Edith had seen Churchill touring Silvertown, one of the worst affected areas. He did a little Chaplin-type thing, twirling his hat on the end of his cane. He shouted, “Are we downhearted?” and the answer from the crowd was very firmly, “No!” Morale was high. It needed to be. The very next day the bombers came back. And they came back again and again and again.
On Sunday morning, 15 September, I sat in a chair dozing after breakfast. There was a slight breeze blowing over the aerodrome and I closed my eyes. I dreamt I was back in the meadow up near Hunter’s Hill, standing in the flowing yellow grass, running my hands back and forth across the grass seeds. I was nine, maybe ten.
Behind me I heard the drone of an engine and I looked round. Over the tops of the beech trees came an aircraft, swooping in low. Not a biplane this time, but a Spitfire. It swooped so low that it sent a ripple across the grass. I ran after it, shouting and whooping.
But then I heard another noise behind me. I stopped running and turned, staring into the sun. I squinted upwards and another aircraft burst from the blinding light. A Messerschmitt 109 shot across the field towards the Spit. I shouted, knowing it was futile. I yelled as the 109’s canons erupted into life.
The sirens shrieked out and I was already running as I snapped awake. Then, booming out over the speakers: “Squadrons scramble, London angels 20!”

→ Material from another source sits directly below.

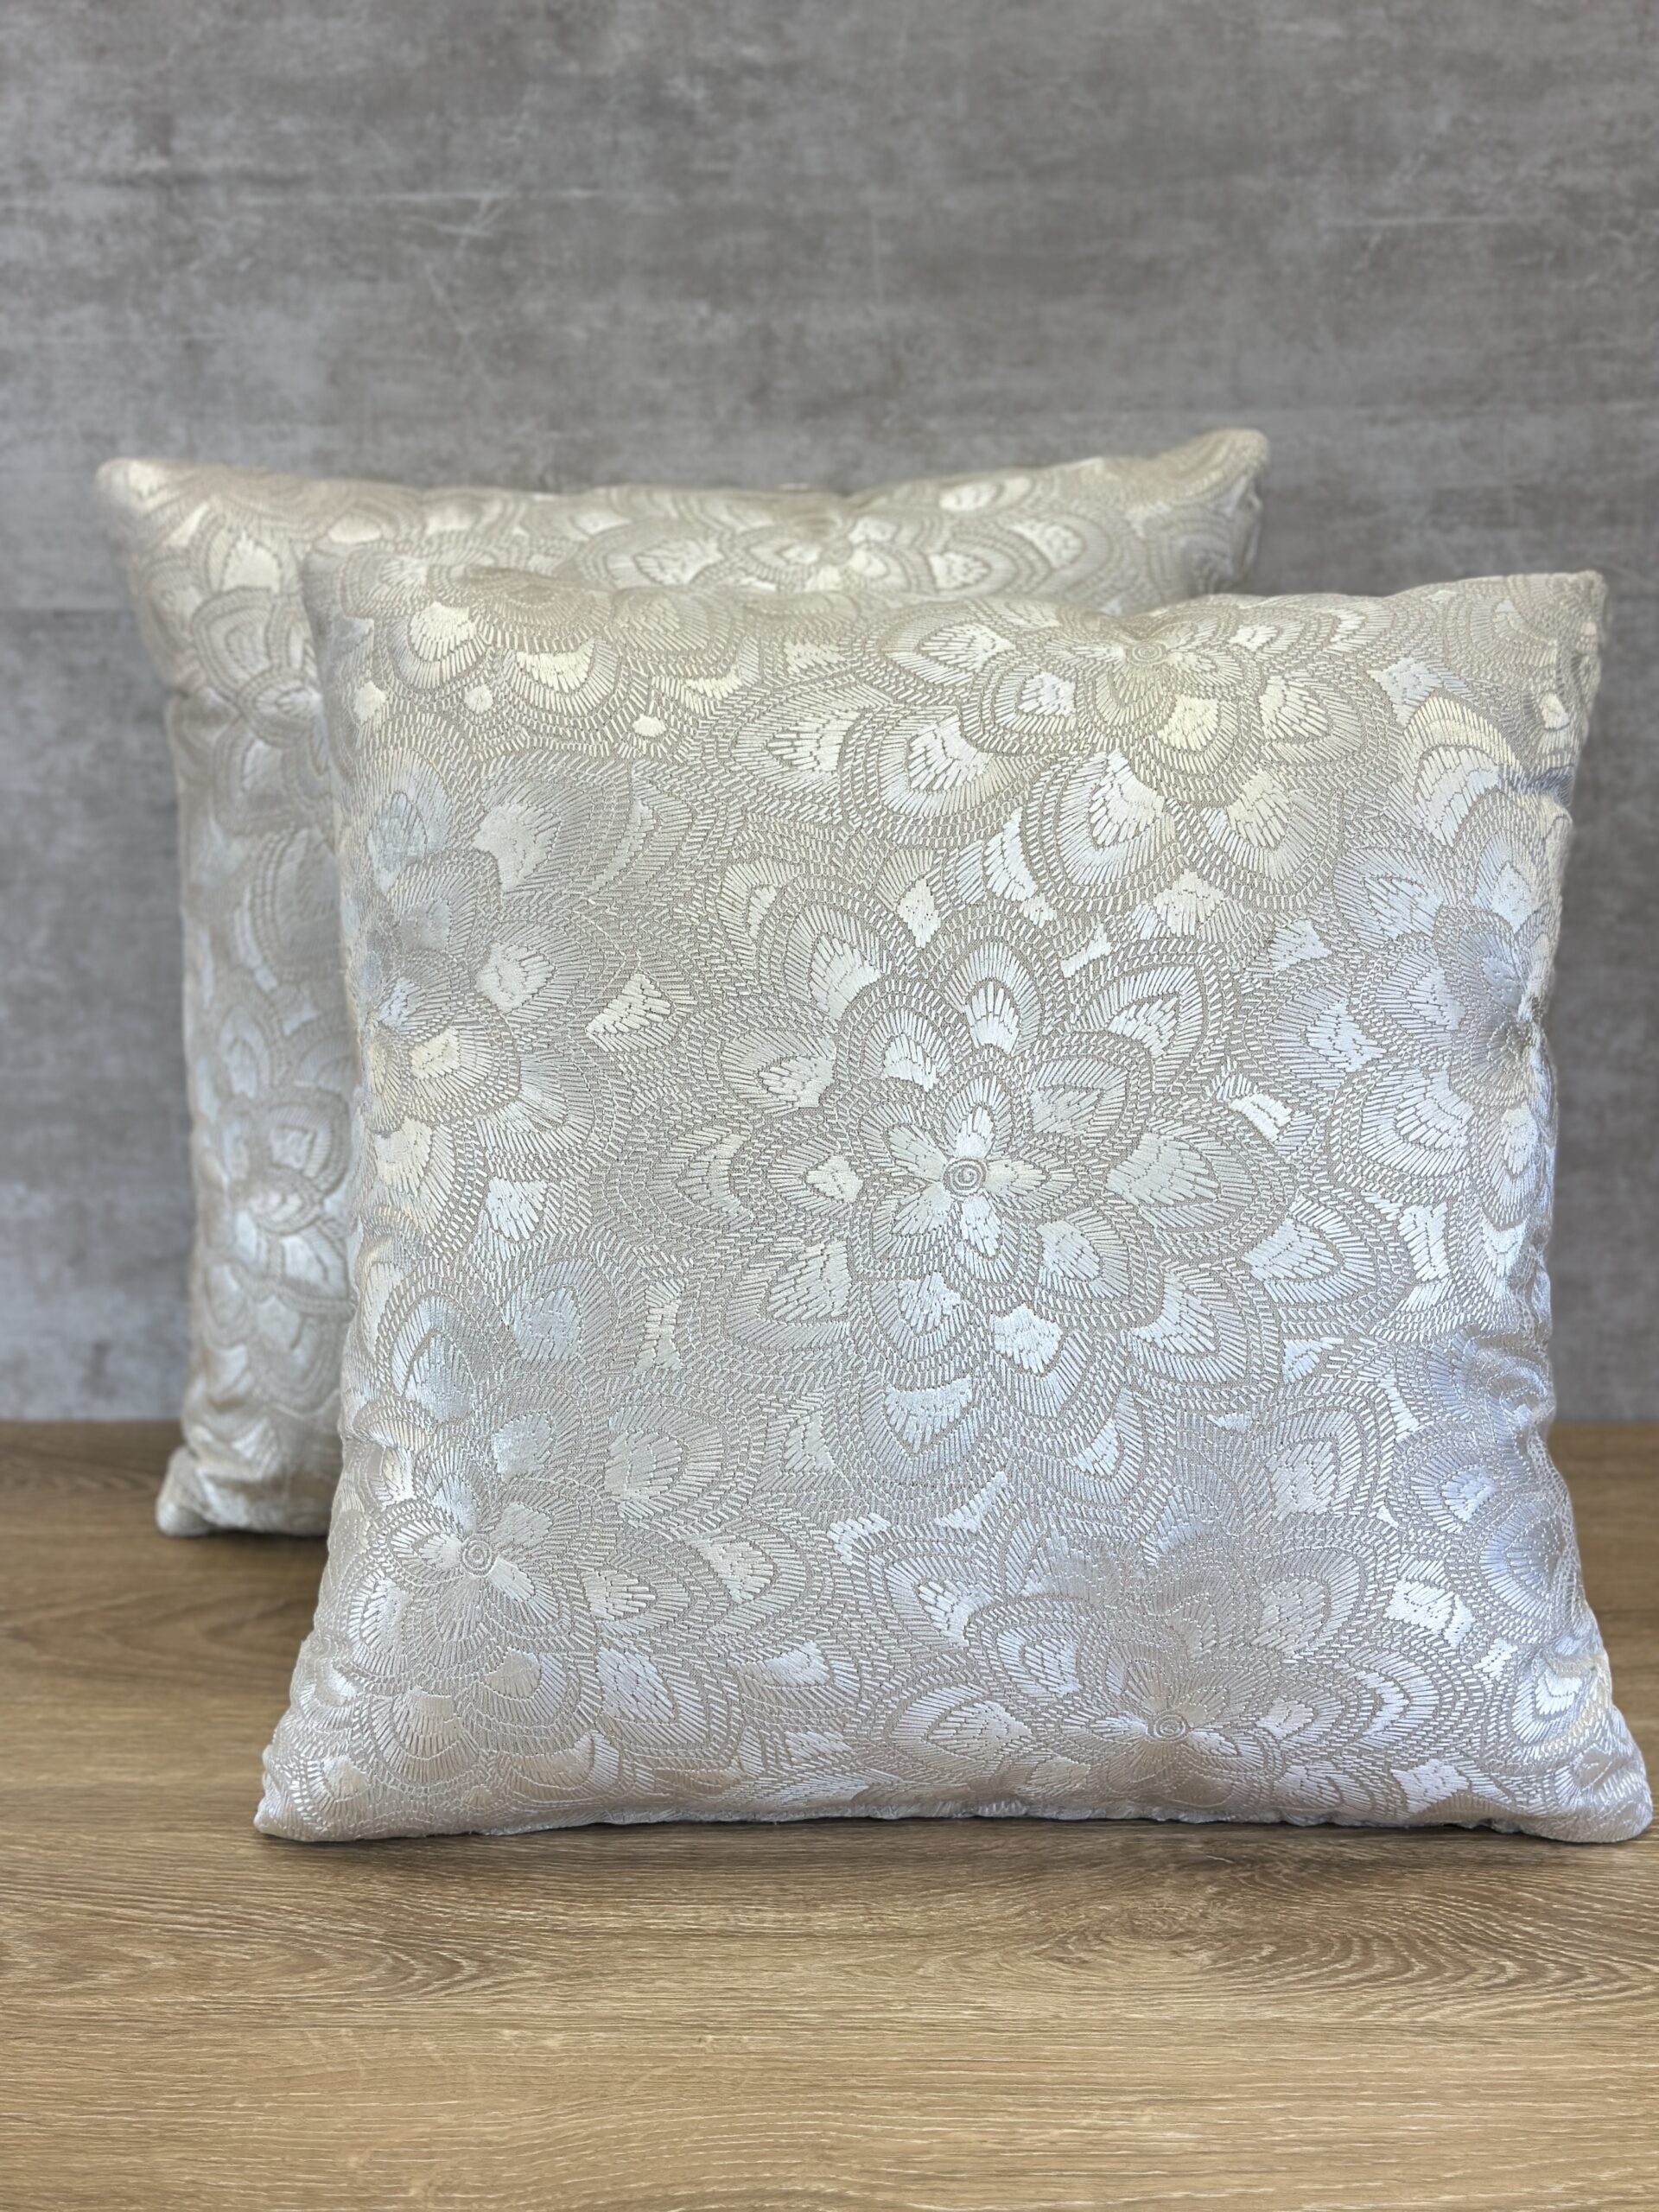 Schumacher Lotus Embroidery Pillows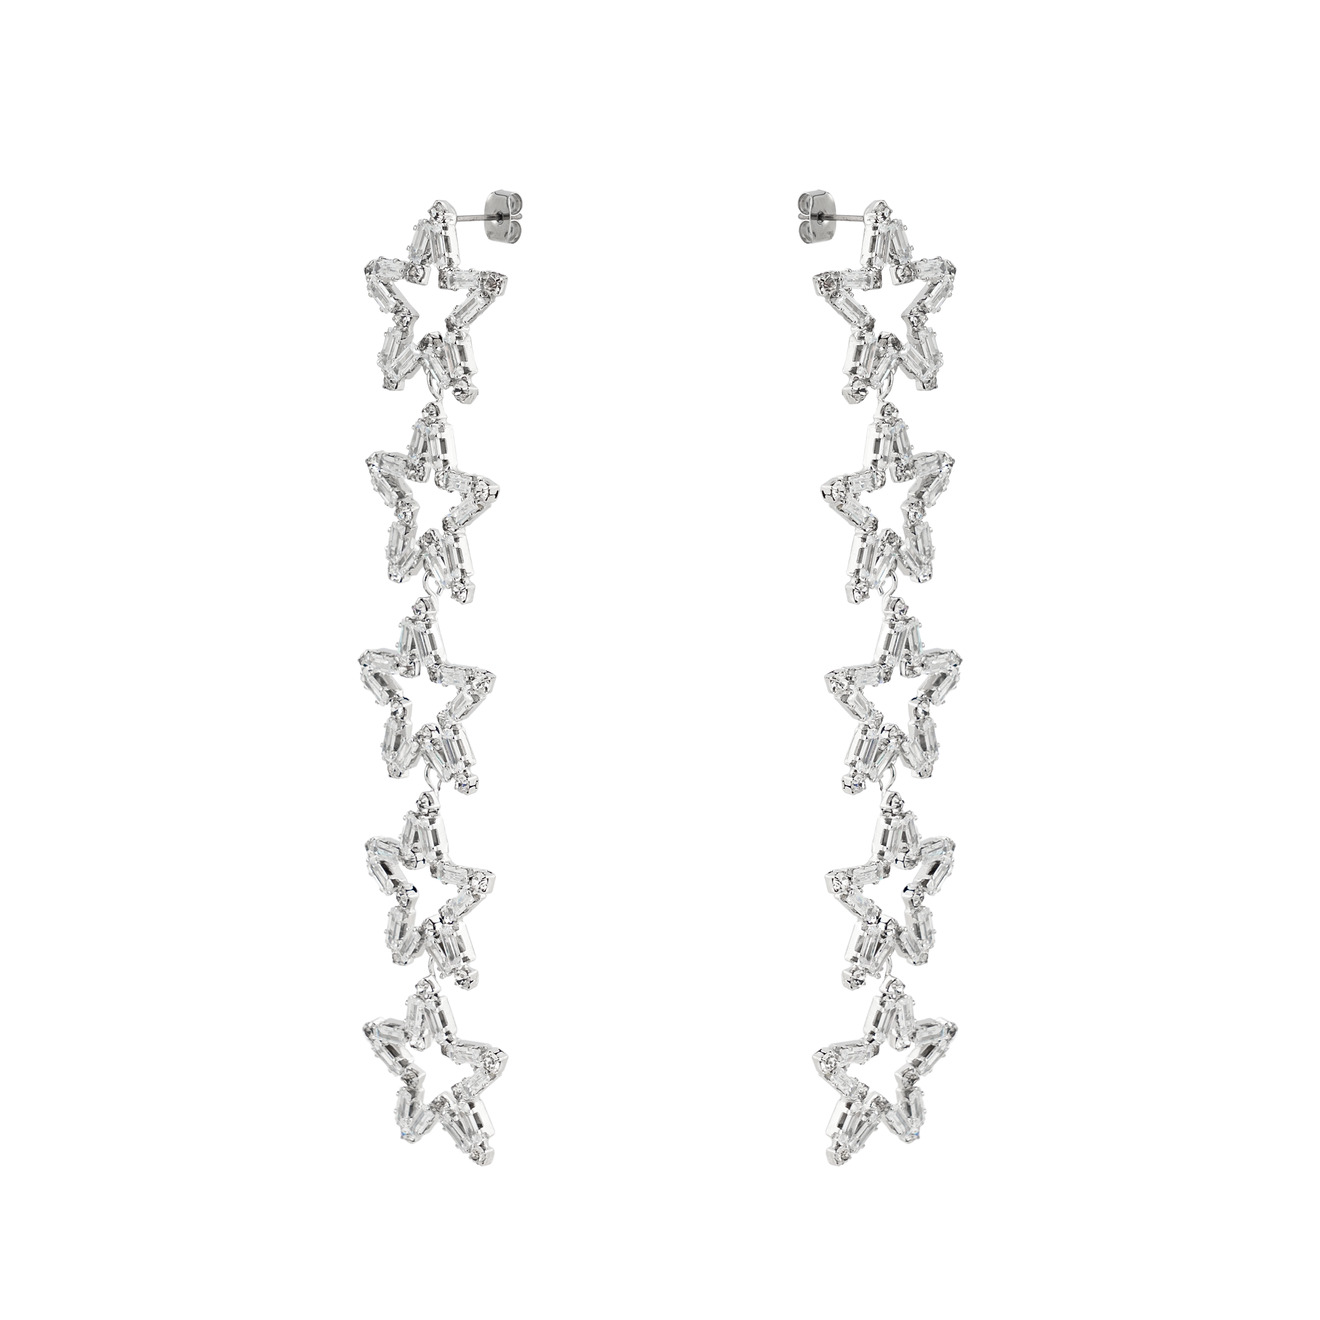 Herald Percy Серебристые серьги-дорожки из звезд с кристаллами herald percy серебристые серьги хупы с дорожкой из белых кристаллов

It was another bright, clear day and we chased our shadows across the grass to our planes. As usual I patted my Spitfire on its flank and whispered a few words of encouragement before I climbed into the cockpit.
Still half-asleep, I strapped myself in and got her going, swinging round into the dazzling sun and taking my place in the formation. Then we bumped over the airfield and up into the air, wood pigeons bursting from the trees. The gilt cockerel on the top of a church spire caught the late morning sun.
“Two hundred bandits crossing Dover flying north at angels 20,” said the voice on the R/T, but at that moment the War seemed far, far away. I felt as though I was soaring above the whole sorry world. My love of flying seemed to flood back into me.
This time we ignored the instructions coming from the ground and headed in an arc to the west, climbing all the while. Height was the thing and we all knew it. You just didn’t stand a chance if you caught them as you were still scrabbling for altitude, because you just didn’t have the speed. The other thing was to hit the bombers, not the fighters.
But then there they were, like a flock of crows or a swarm of fat black flies: a big rectangular pack of Heinkels with their escorts of Me110s and 109s. Antiaircraft batteries were booming way below and shells were bursting all around.
This time we were early. This time we climbed above them, flying in the same direction, mirroring their formation. We each looked down at our targets. I shrugged my shoulders and took a deep breath. This one had to count. This one had to count.
Then we dived. The 110s screamed out to intercept us but they weren’t quick enough. I flew towards the flank of a Heinkel, the rear gunner blasting away wildly. I fired a quick burst. The gunner stopped firing.
A Heinkel exploded to starboard and a piece of wing spun wildly towards me, missing my cockpit by inches. I sent out a burst and a Heinkel slumped out of formation with smoke pouring out of its engines.